Singapore’s central bank has allocated $1.8 billion with five asset managers as part of moves to protect its portfolio from climate change risks and aid the city-state’s efforts to promote environmentally sustainable projects.
Climate change and other green issues are a top priority for many governments, and financial regulators are also changing rules to force companies to better disclose their environmental impact.
At a news conference on Wednesday, Ravi Menon, managing director of Monetary Authority of Singapore (MAS) said the funds were placed from Singapore’s official foreign reserves as part of the central bank’s green investment program.
“We aim to reduce risks to the portfolio across different climate scenarios, seize investment opportunities from the transition to a lower carbon future and support the transition of portfolio companies,” he said.
MAS’ officials said the asset managers, whose names were not disclosed, will manage new equity and fixed income mandates focused on climate change and the environment.

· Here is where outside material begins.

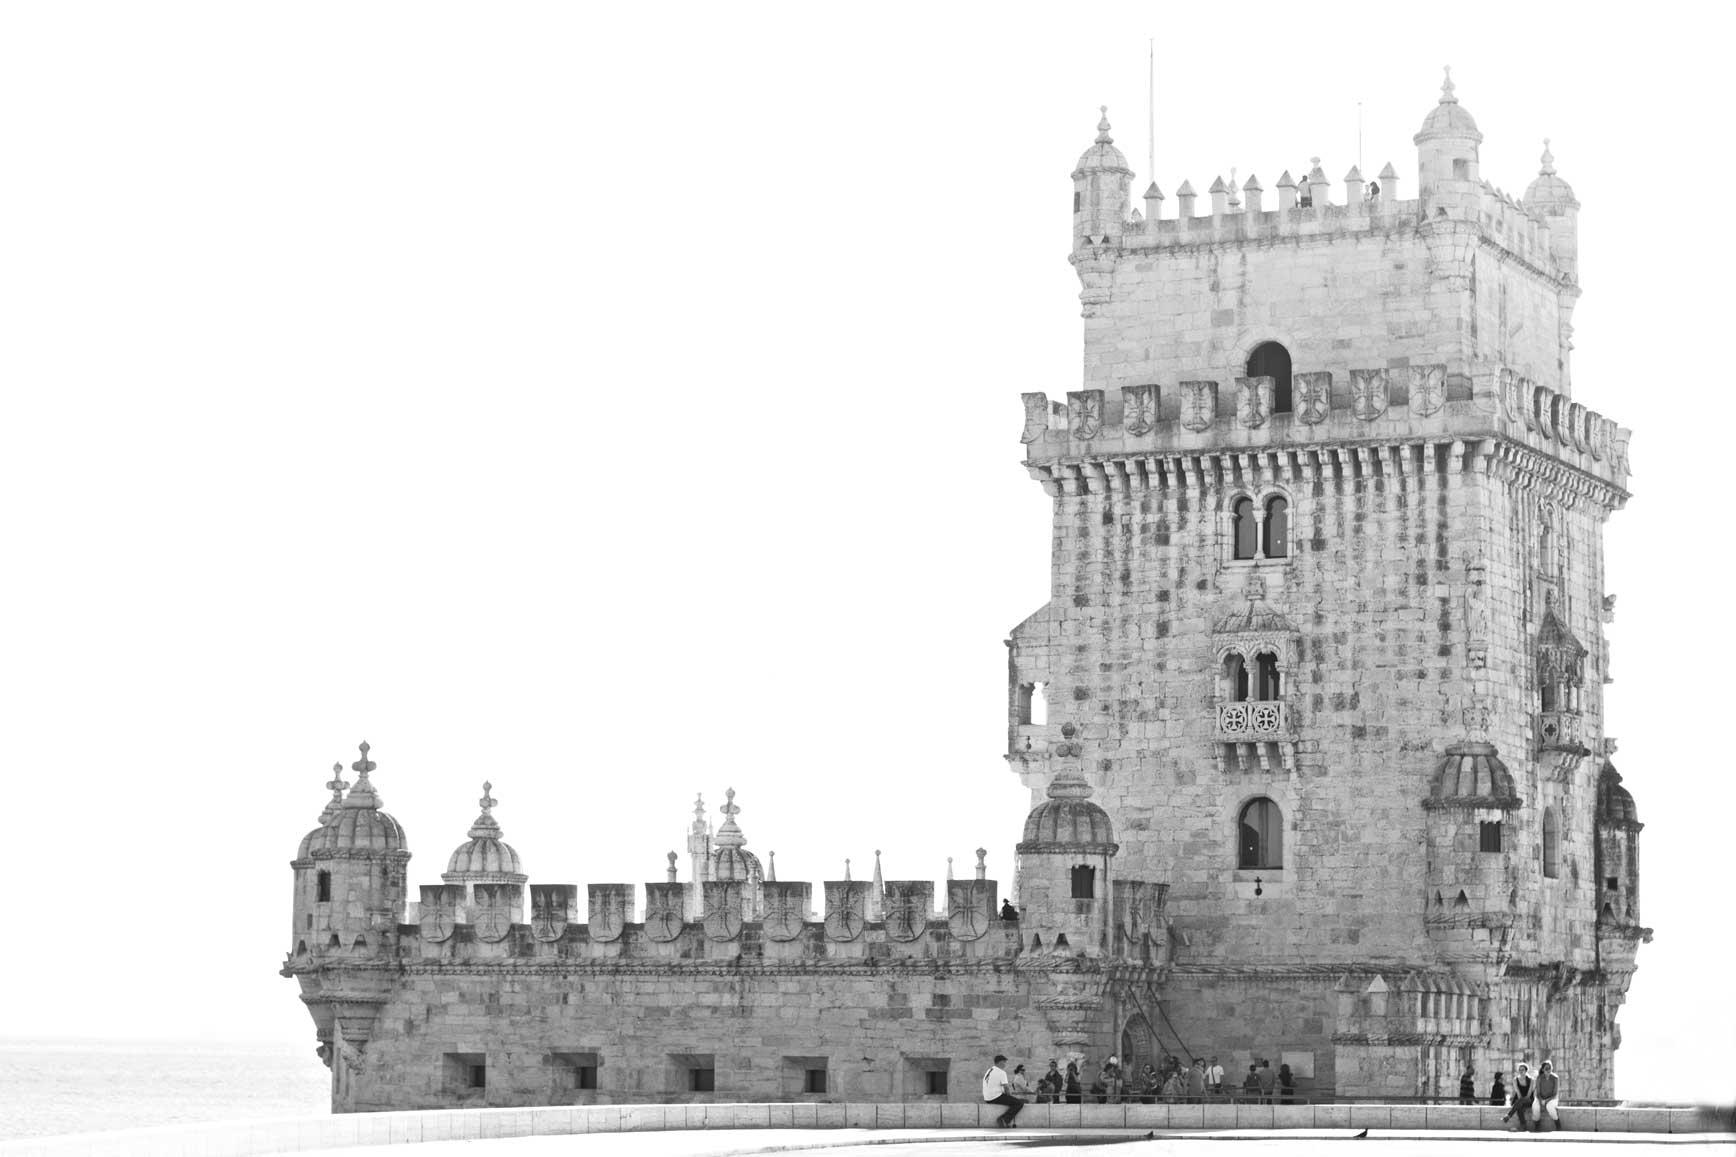 Lisboa Torre de Belem - claraBmartin
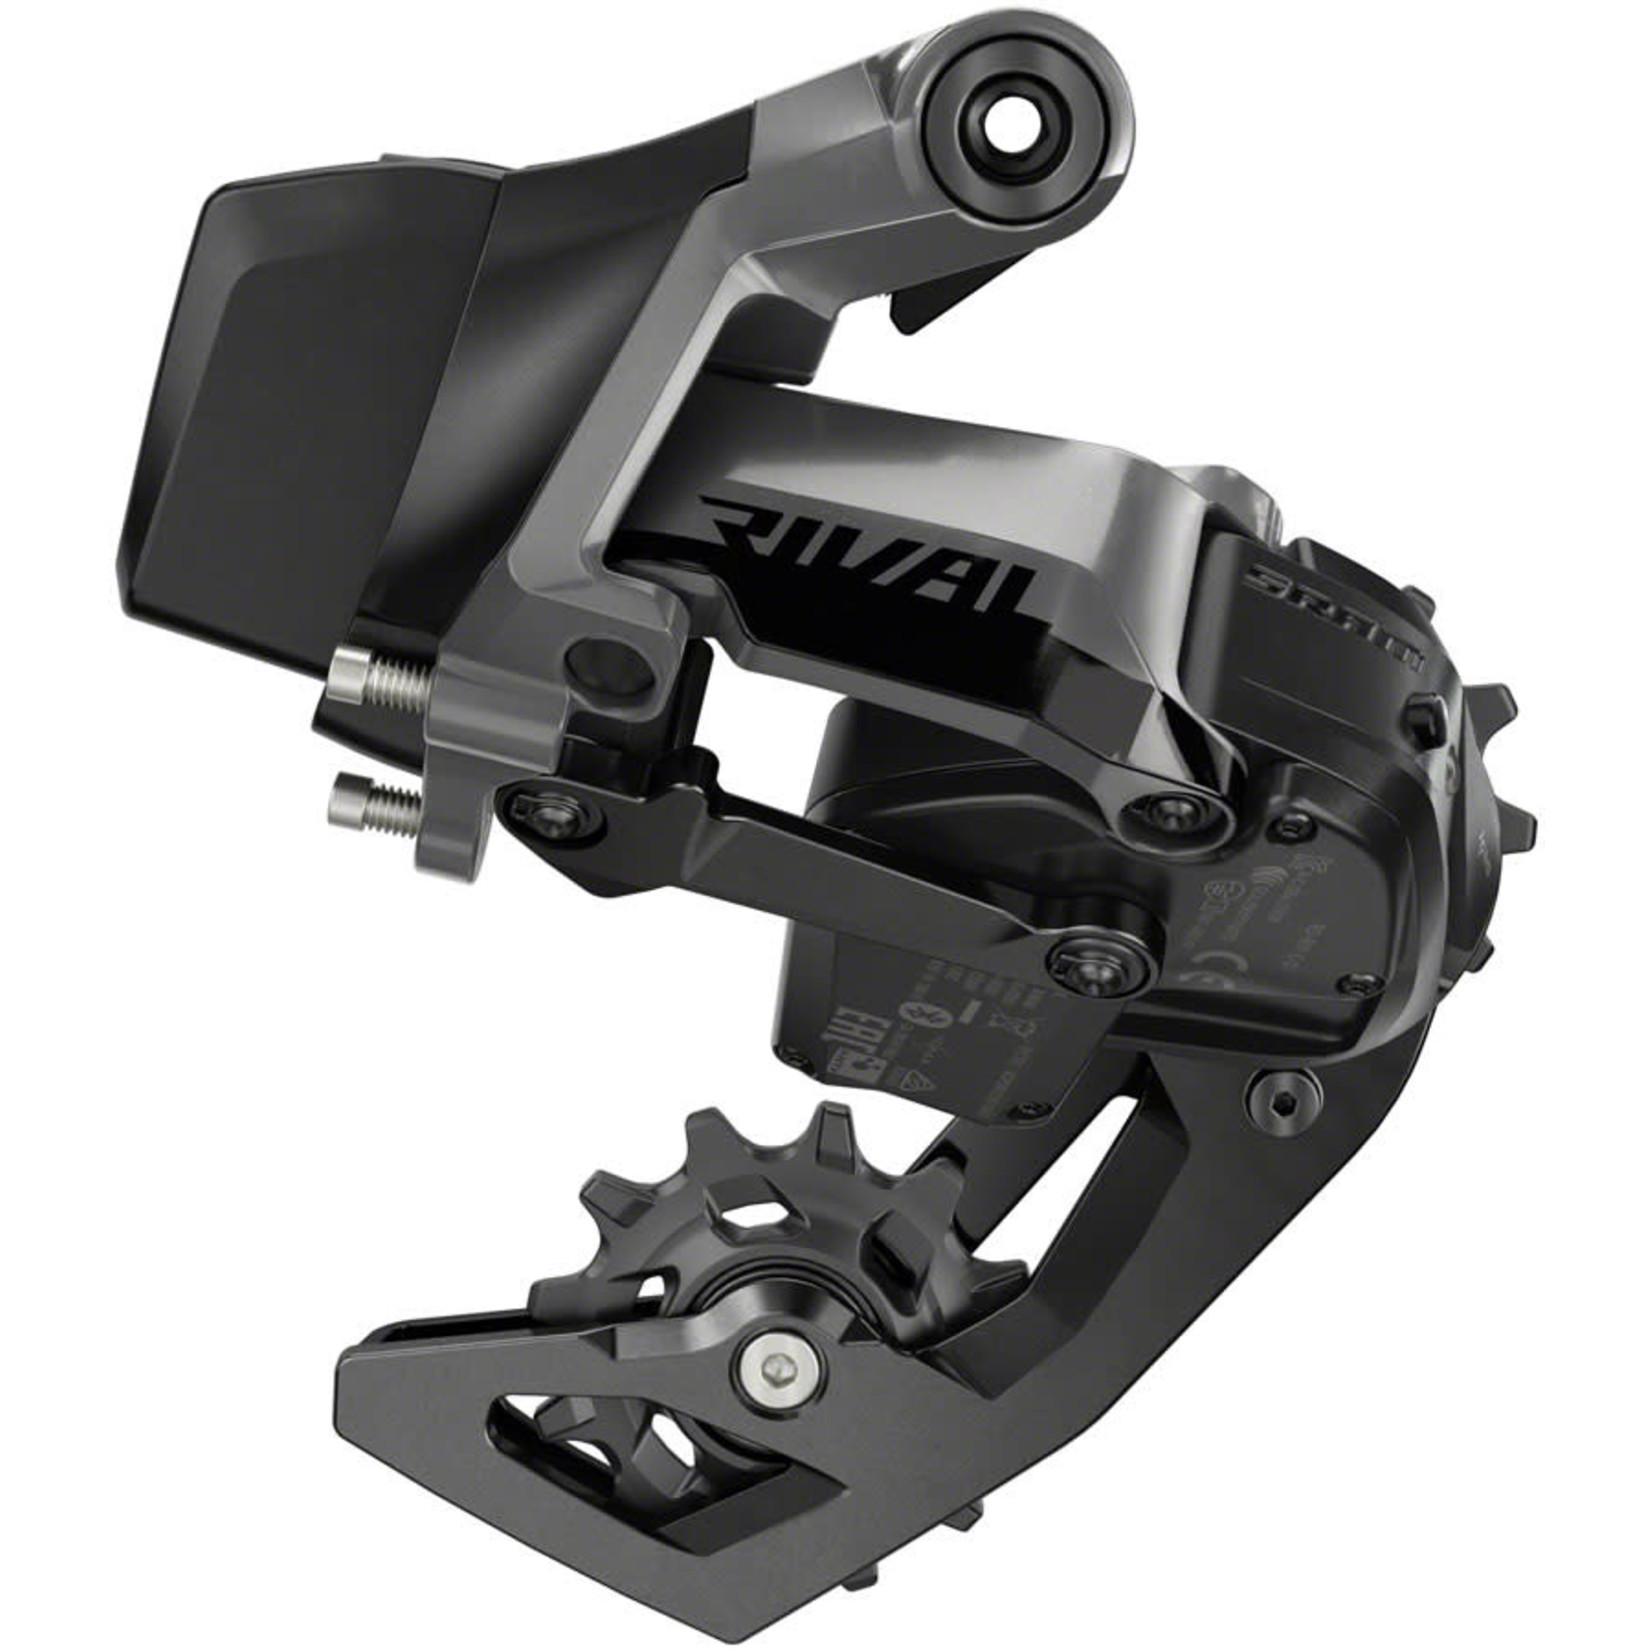 SRAM SRAM Rival eTap AXS Rear Derailleur - 12-Speed - Medium Cage - D1

They will also set up Asia-Pacific sustainability hubs in Singapore and launch new environmental, social and governance thematic regional funds.
“This is just the beginning, there is more to come,” said Menon.
While outlining the central bank’s inaugural annual sustainability report, Menon said MAS will conduct stress tests on the financial industry by end-2022 under a range of climate change scenarios.
On Tuesday, the Bank of England launched its climate stress tests for banks and insurers following the world’s first climate stress test run by the Bank of France.
Menon said MAS will consult the industry later this year on mandatory climate-related disclosures by banks, insurers and asset managers to align them to a single, international standard.
“Data is the bigggest challenge and biggest impediment to green finance. It is the biggest impediment to meaningful disclosures,” said Menon.